When dealing with structures in C, memory alignment plays a crucial role in optimizing memory usage and performance. If you're puzzled by the difference in memory alignment between the following two structs:

<code class="c">typedef struct {
    unsigned short v1;
    unsigned short v2;
    unsigned short v3;
} myStruct1;

typedef struct {
    unsigned short v1;
    unsigned short v2;
    unsigned short v3;
    int i;
} myStruct2;</code>

where both myStruct1 and myStruct2 have the same combined data size of 6 bytes, but myStruct2 reports a size of 12 bytes using sizeof(), the answer lies in memory alignment.

On most 32-bit machines, the alignment boundary is typically 4 bytes. This means that structures are aligned to the nearest multiple of 4 bytes. In myStruct1, each member is 2 bytes, so no padding is inserted between them, and the actual size remains at 6 bytes.

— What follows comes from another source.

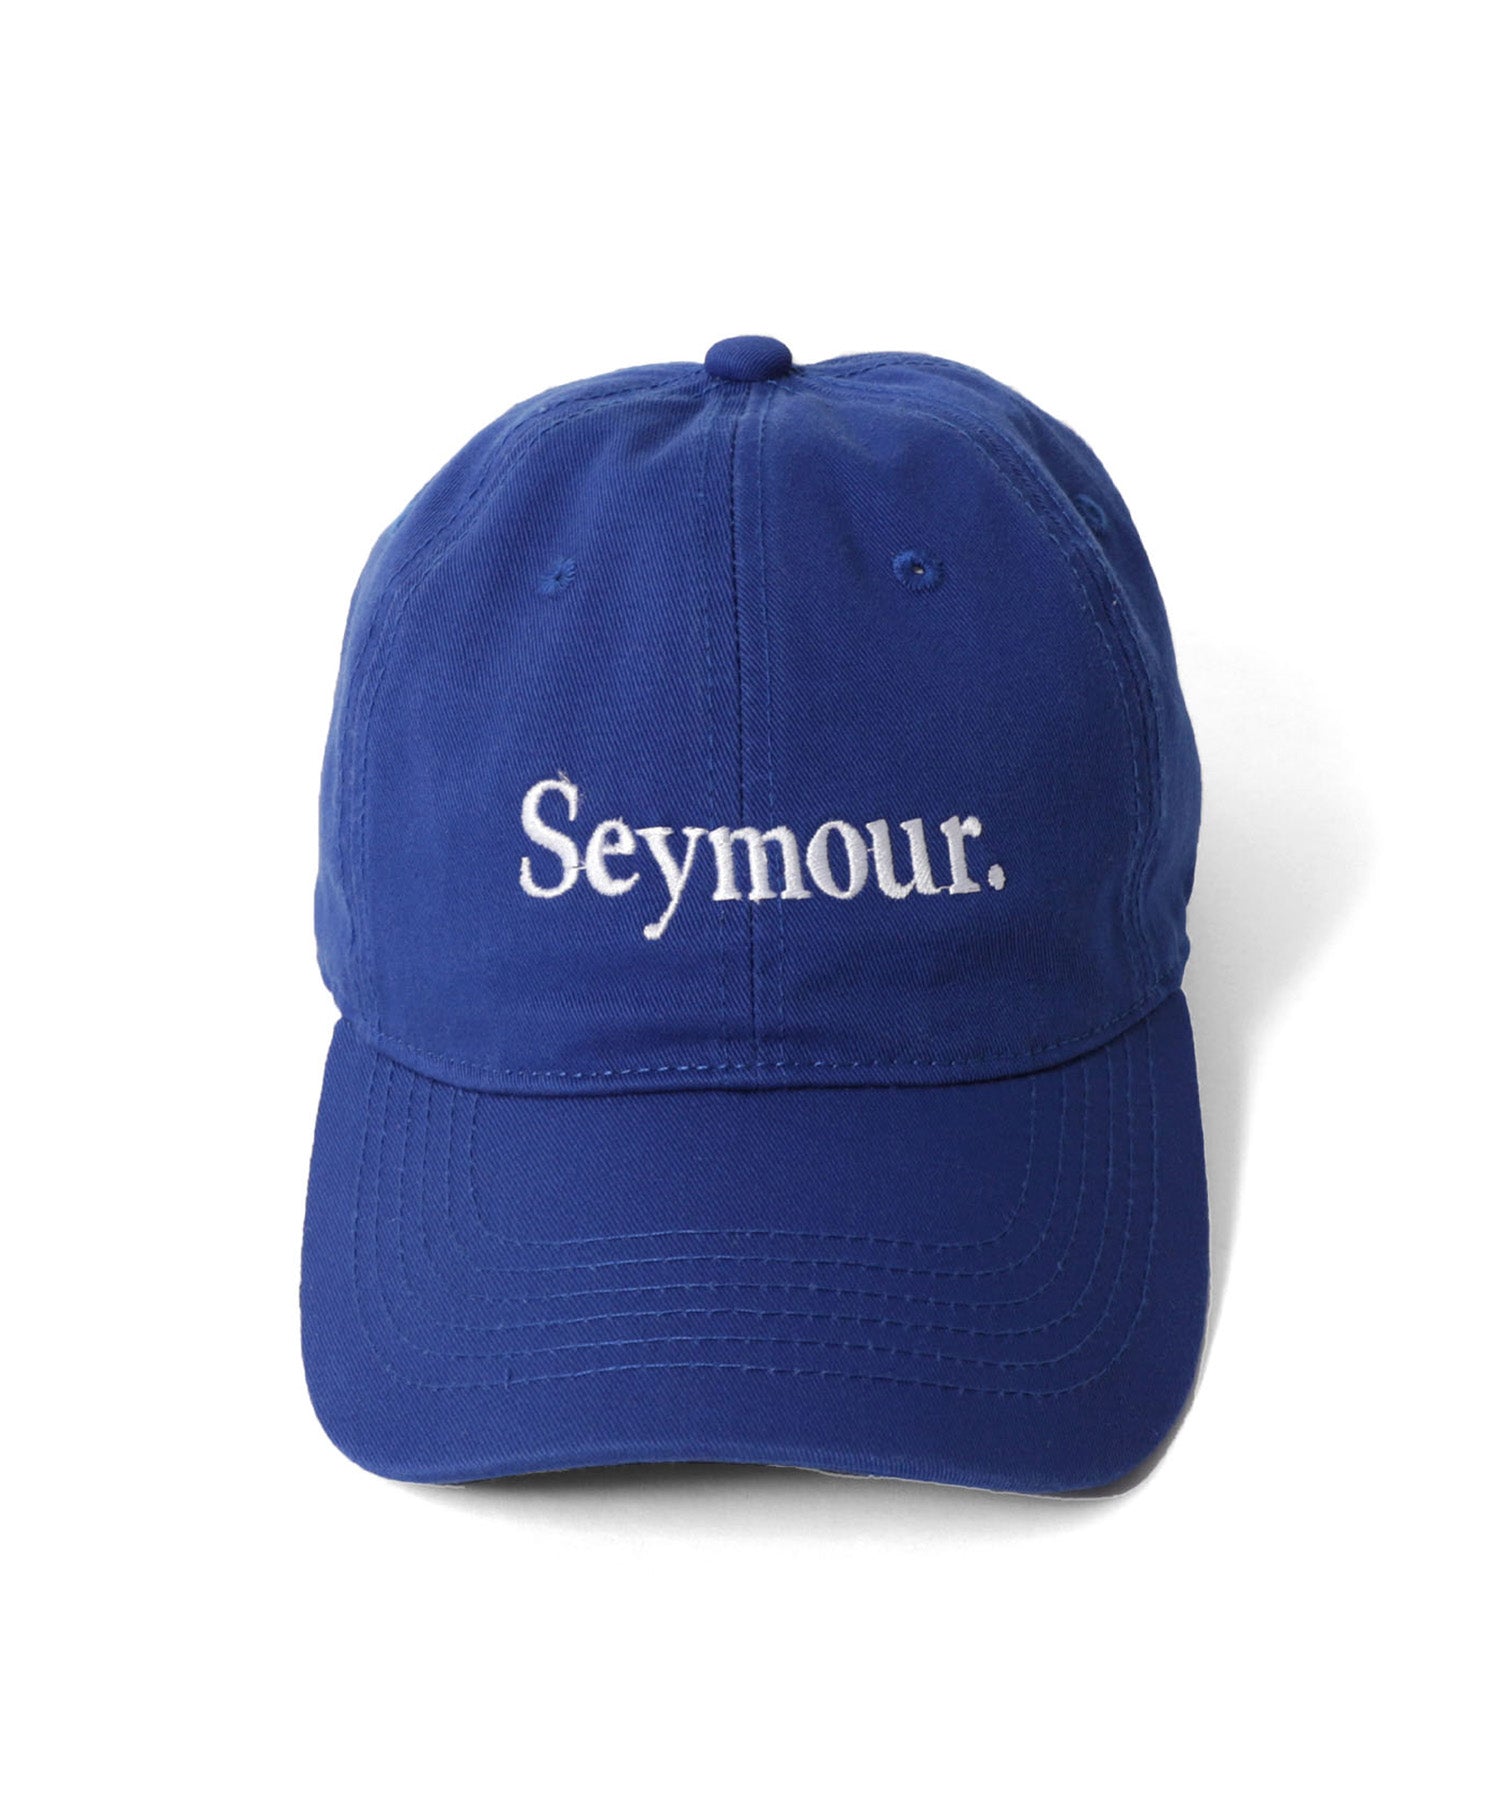 Seymour. "LOGO" EMBROIDERY CAP

However, in myStruct2, the addition of a 4-byte integer (int) requires a 4-byte alignment boundary. Since the initial 6 bytes of data from the original struct do not align to a 4-byte boundary, 2 bytes of padding are inserted between v3 and i. This padding ensures that i starts on a 4-byte boundary, resulting in a total size of 12 bytes for myStruct2.

Remember, in most cases, structures are only aligned to the boundary of their largest member. In this case, the int member in myStruct2 determines the alignment boundary, which explains the difference in memory alignment between the two structs.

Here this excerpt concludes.